For instance, if you are ranking apps in an app marketplace, you could use the
install rate or number of installs as heuristics. If you are detecting spam,
filter out publishers that have sent spam before. Don’t be afraid to use human
editing either. If you need to rank contacts, rank the most recently used
highest (or even rank alphabetically). If machine learning is not absolutely
required for your product, don't use it until you have data.
Rule #2: First, design and implement metrics.
Before formalizing what your machine learning system will do, track as much as


In [11]:
# Now we'll create a Vertex AI LLM
from langchain.llms import VertexAI

llm = VertexAI(temperature=0)

In [12]:
# We will use an existing prompt template from LangChain Hub

from langchain import hub

prompt = hub.pull("rlm/rag-prompt")

In [13]:
# Let's see what this prompt looks like then

print(
    prompt.invoke(
        {"context": "filler context", "question": "filler question"}
    ).to_string()
)

Human: You are an assistant for question-answering tasks. Use the following pieces of retrieved context to answer the question. If you don't know the answer, just say that you don't know. Use three sentences maximum and keep the answer concise.
Question: filler question 
Context: filler context 
Answer:


In [14]:
from langchain.prompts import PromptTemplate

prompt_template = PromptTemplate.from_template(
    "Human: You are an assistant for question-answering tasks.
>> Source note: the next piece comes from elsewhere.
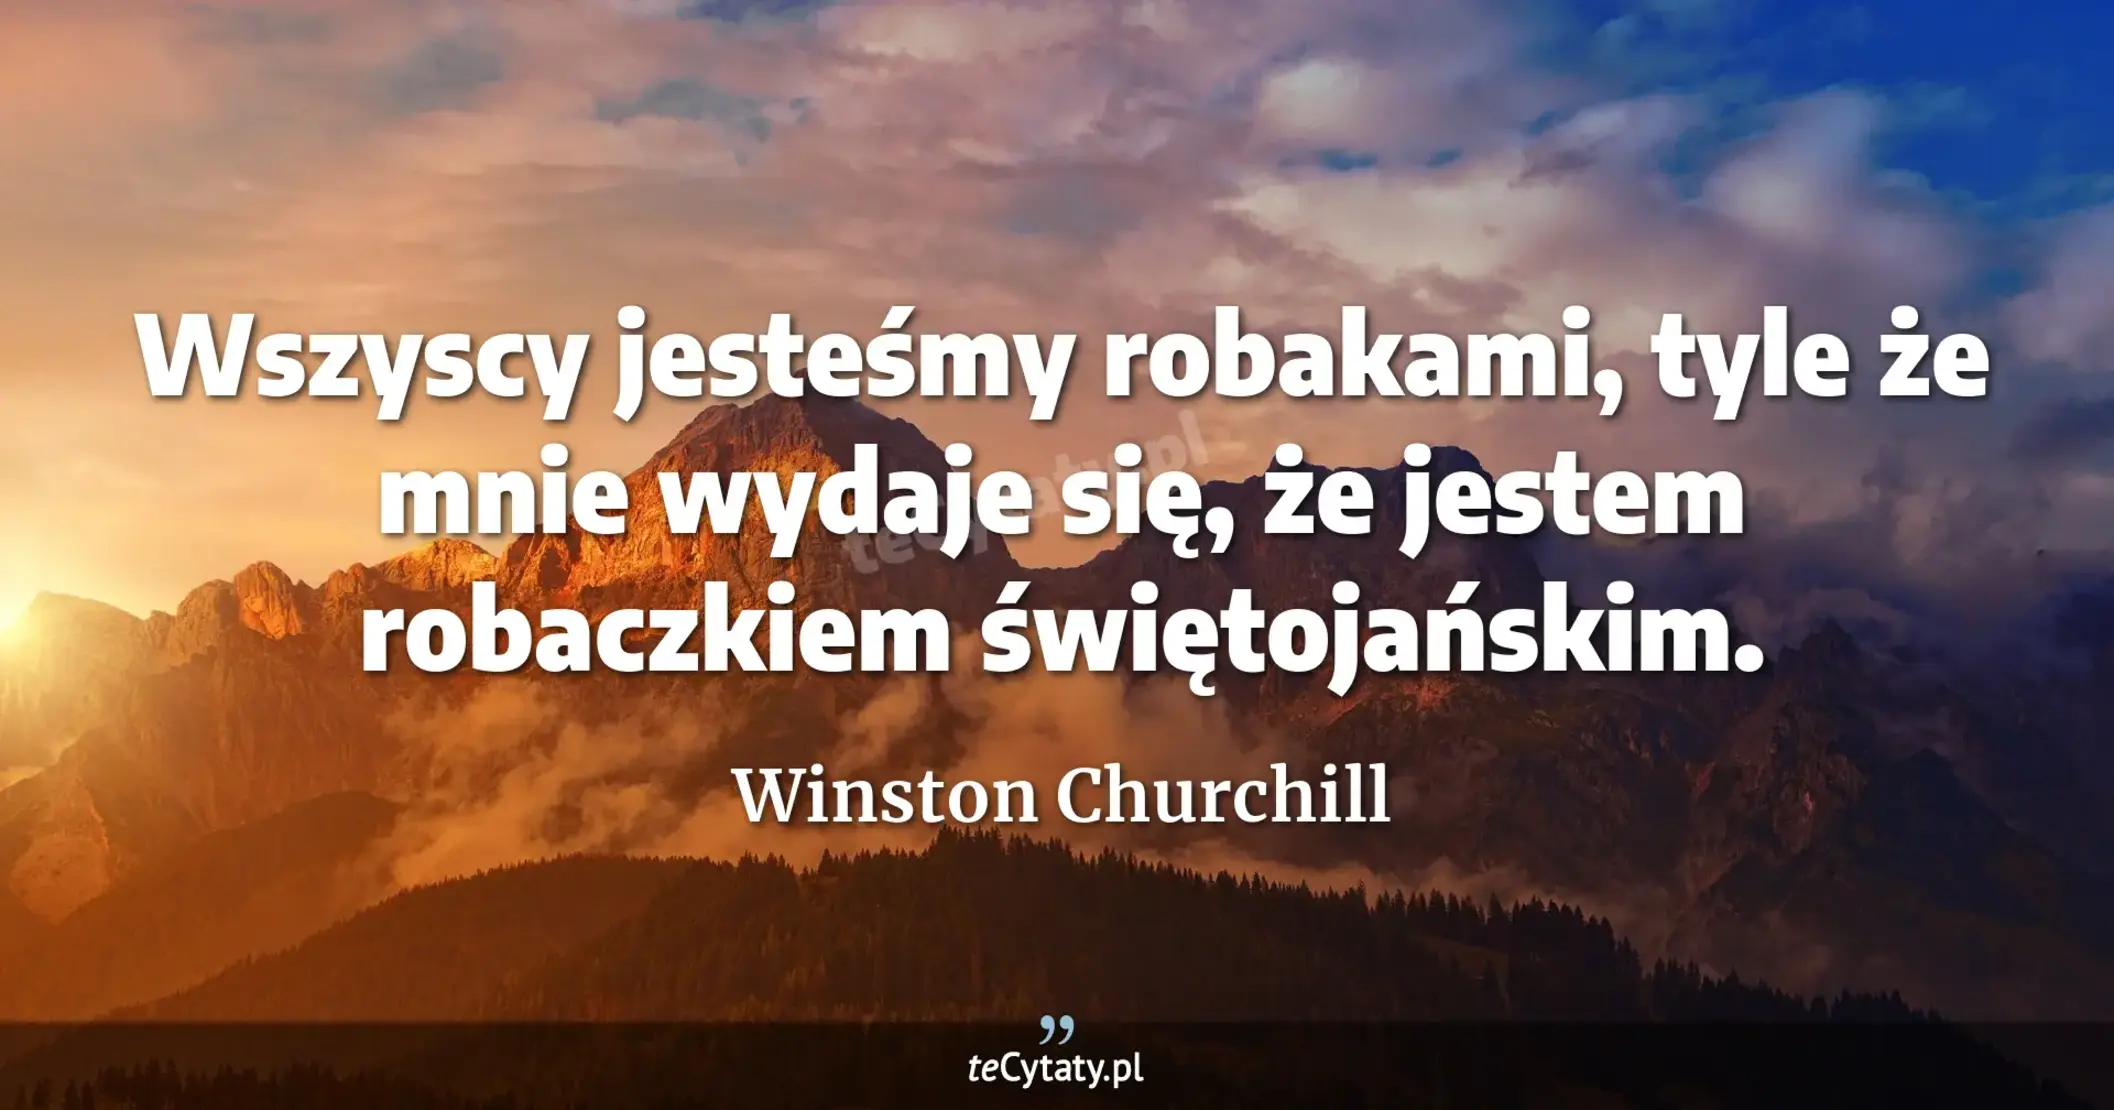 Wszyscy jesteśmy robakami, tyle że mnie wydaje się, że jestem robaczkiem świętojańskim. - Winston Churchill

Use the following pieces of retrieved context to answer the question. If you don't know the answer, just say that you don't know. Use three sentences maximum and keep the answer concise. \nQuestion: {question} \nContext: {context} \nAnswer:"
)

In [15]:
# Now we will create a chain to get answers from the questions based on samples retrieved from our retriever

from langchain.schema import StrOutputParser
from langchain.schema.runnable import RunnablePassthrough


def format_docs(docs):
    return "\n\n".join(doc.page_content for doc in docs)


rag_chain = (
    {"context": retriever | format_docs, "question": RunnablePassthrough()}
    | prompt_template
    | llm
    | StrOutputParser()
)

In [14]:
# And now we can actually ask a question to our chain!

for chunk in rag_chain.stream("What is the first rule of machine learning?"):
    print(chunk, end="", flush=True)

 The first rule of machine learning is: Don't be afraid to launch a product without machine learning.